MORE than 355,000 16-year-olds in England and Wales gained a GCSE in Religious Studies this summer. At the same time, however, the results showed that the combined total of entrants for the full-course and short-course examinations was four per cent lower than in 2015.
While there was a minimal rise (one per cent) in entries for the full-course RS, the numbers taking the short course fell by 17.7 per cent. Since 2010, short-course numbers have declined by 75 per cent.
The contraction in short-course entries is almost certainly due to the Government’s decision to end in England the system that allowed schools to add short-course qualifications — which counted as half a GCSE — to their overall examinations tally, a move that came into effect in the school year 2013-14. Religious Studies, however, was the only subject significantly affected, because it was the only subject with a substantial take-up of the short-course option, mainly used by schools to make the most of the compulsory class-time given over to Religious Education.
Religious-education specialists say that the latest figures confirm their belief that, since the devaluing of the short-course GCSE, many more non-church schools and academies are failing to meet their obligation to provide RE for older pupils. In 2014, the number of schools that had no GCSE RS entries was 1197 — 268 fewer than in 2010. Moreover, research by the National Association of Teachers of RE, published in January this year, found that 30 per cent of community schools and 40 per cent of academies without a religious designation failed to provide RE for 14- to 16-year-olds.
The chief executive of the Religious Education Council of England and Wales, Rudolf Eliott Lockhart, said that the decline in short course take-up was troubling.
Good results.

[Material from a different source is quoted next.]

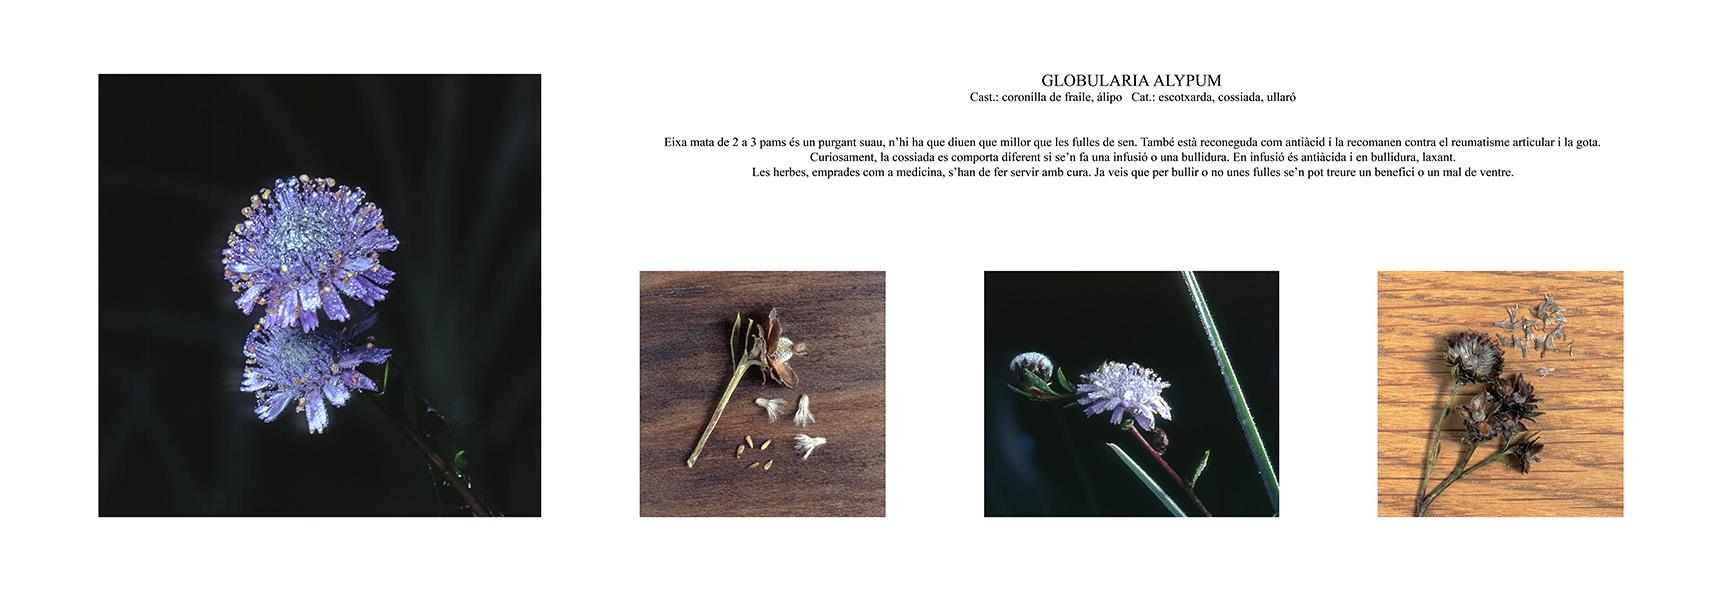 Pep Bonet Capellá-Botánica-Semillas-Macro fotografía (6)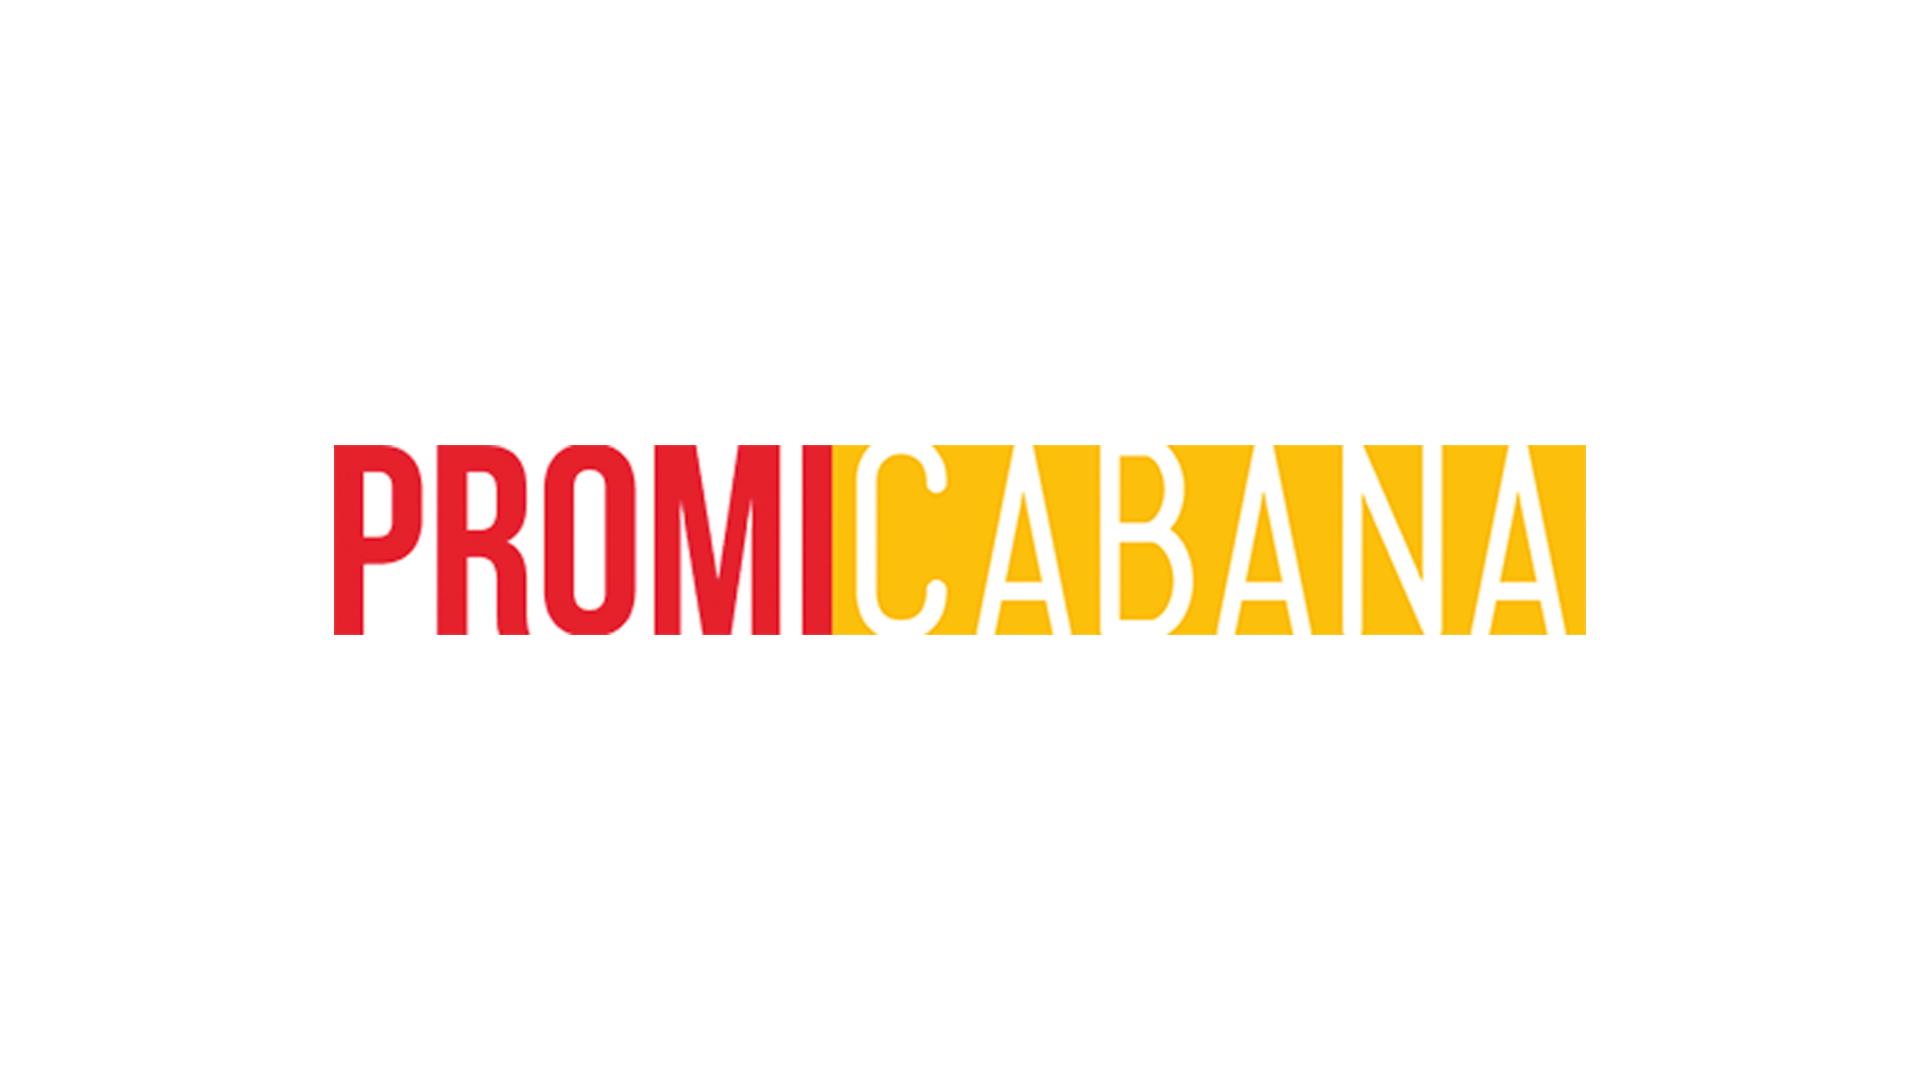 Lorde-Yellow-Flicker-Beat-Musikvideo-Hunger-Games-Mockingjay

Schools with religious foundations scored high in this year’s A-level and GCSE examinations. League tables compiled by The Daily Telegraph listed Wilson’s School, Surrey, and St Olave’s, Orpington, as among the top scorers at A level. The top 50 comprehensives included Lady Margaret School, west London; Bishop Stopford, Kettering; Greycoat, Westminster; The Green School, Hillingdon; the Blue Coat School, Oldham; and Bishop Luffa, Chichester.